BIM35605 - Capital/revenue divide: intangible assets: purchase of tipping sites by a waste disposal company

Other than in the case where the trade comprises or includes property dealing, the costs of acquiring an interest in land will likely be on capital account - the land being a fixed capital asset of the trade. It does not matter that the land is thereafter ‘consumed’ by trading operations carried out on it.

In the case of Rolfe v Wimpey Waste Management Ltd [1989] 62TC399 the company acquired a number of freehold and leasehold landfill sites at prices related to the volume of waste which could be tipped. In addition to the cost of the freehold or leasehold the company incurred expenditure on planning permission, disposal licences, site offices, making or improving roads, erecting fences, preparing the landfill sites to accept the various types of waste, constructing a rail terminal, restoration of the sites when tipping ceased and investigating sites that proved useless for its operations. The average life of the sites from acquisition to final restoration was about seven years.

The company claimed that the costs were incurred on revenue account on the basis that it had acquired the land in order to use the airspace above it, what the company described as ‘consumable tipping space’. The amount claimed in the accounts reflected the amount of space ‘consumed’ in each particular year.

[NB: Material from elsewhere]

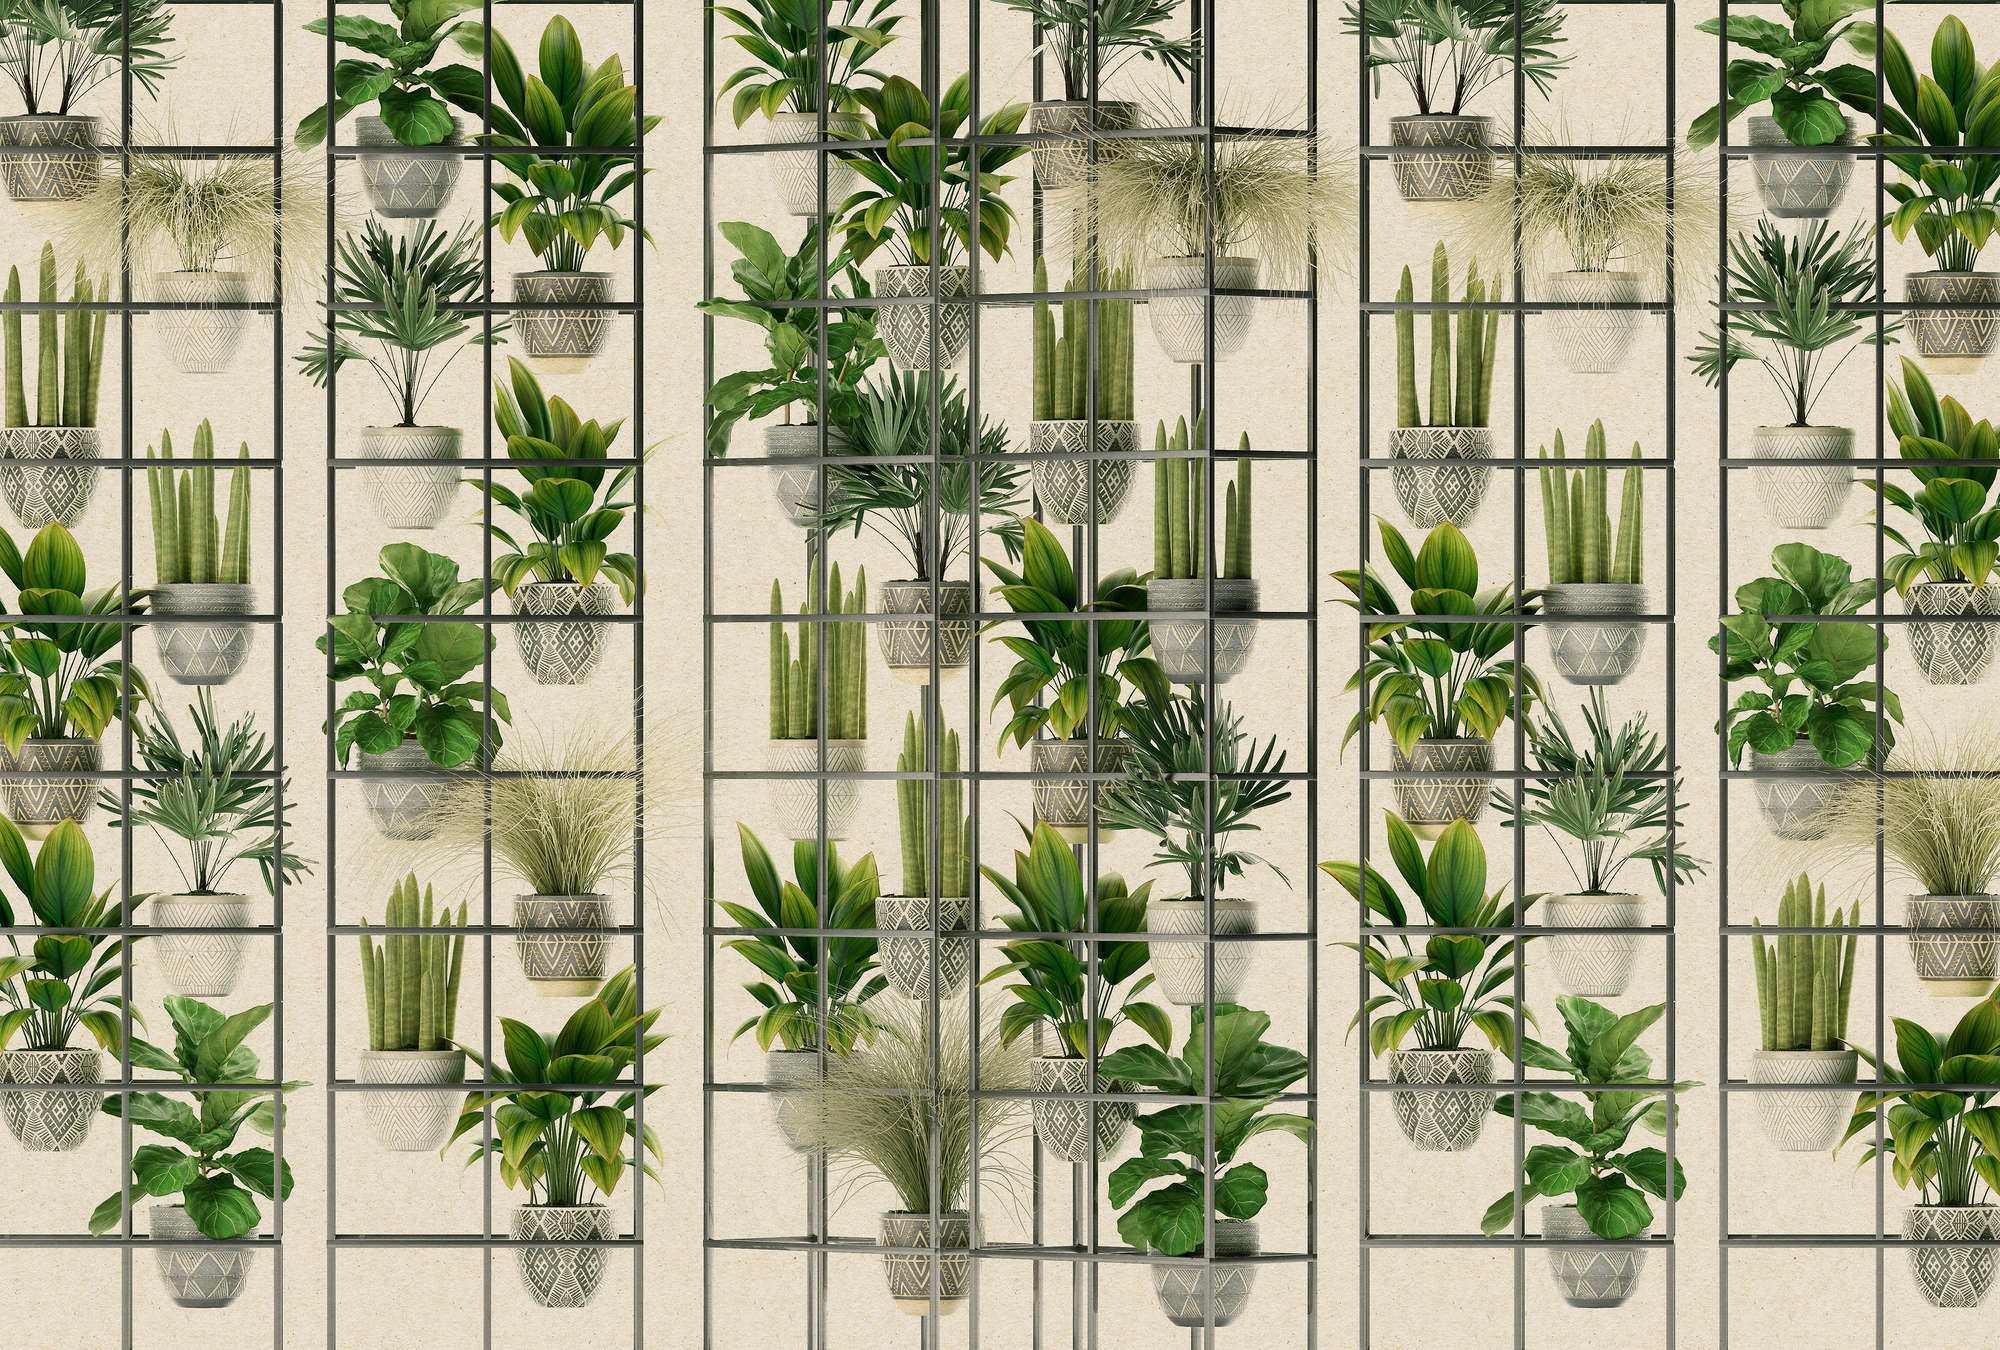             Plant Shop 2 - Papier peint panoramique mur de plantes modernes en vert & gris

Much of the lengthy decision by the Special Commissioner in favour of the taxpayer is taken up by accountancy evidence.

The Court of Appeal held, that:

  1. Expenditure to acquire an interest in land is prima facie capital expenditure.
  2. The asset acquired by the company was not airspace but the land or the interest in it. It was not like the stock of a builder because neither it nor any interest in it was disposed of to the customer. It was essentially the place where the company carried on its business.
  3. The bases upon which prices paid for sites and charged to customers for the disposal of waste on them were calculated did not affect the matter.
  4. The sites were used for a sufficiently long period to qualify as capital.

At page 437 Harman J explained that the airspace could not be divorced from the land over which it lay:

‘…it is quite plain that airspace is not something which even the most ingenious conveyancer of Lincoln’s Inn has ever dealt with as an item of property unrelated to the ground over which it lies.’

For guidance on expenditure incurred on the remediation of contaminated land see CIRD60000 onwards. For guidance on waste disposal site preparation and restoration expenditure see BIM67400 onwards.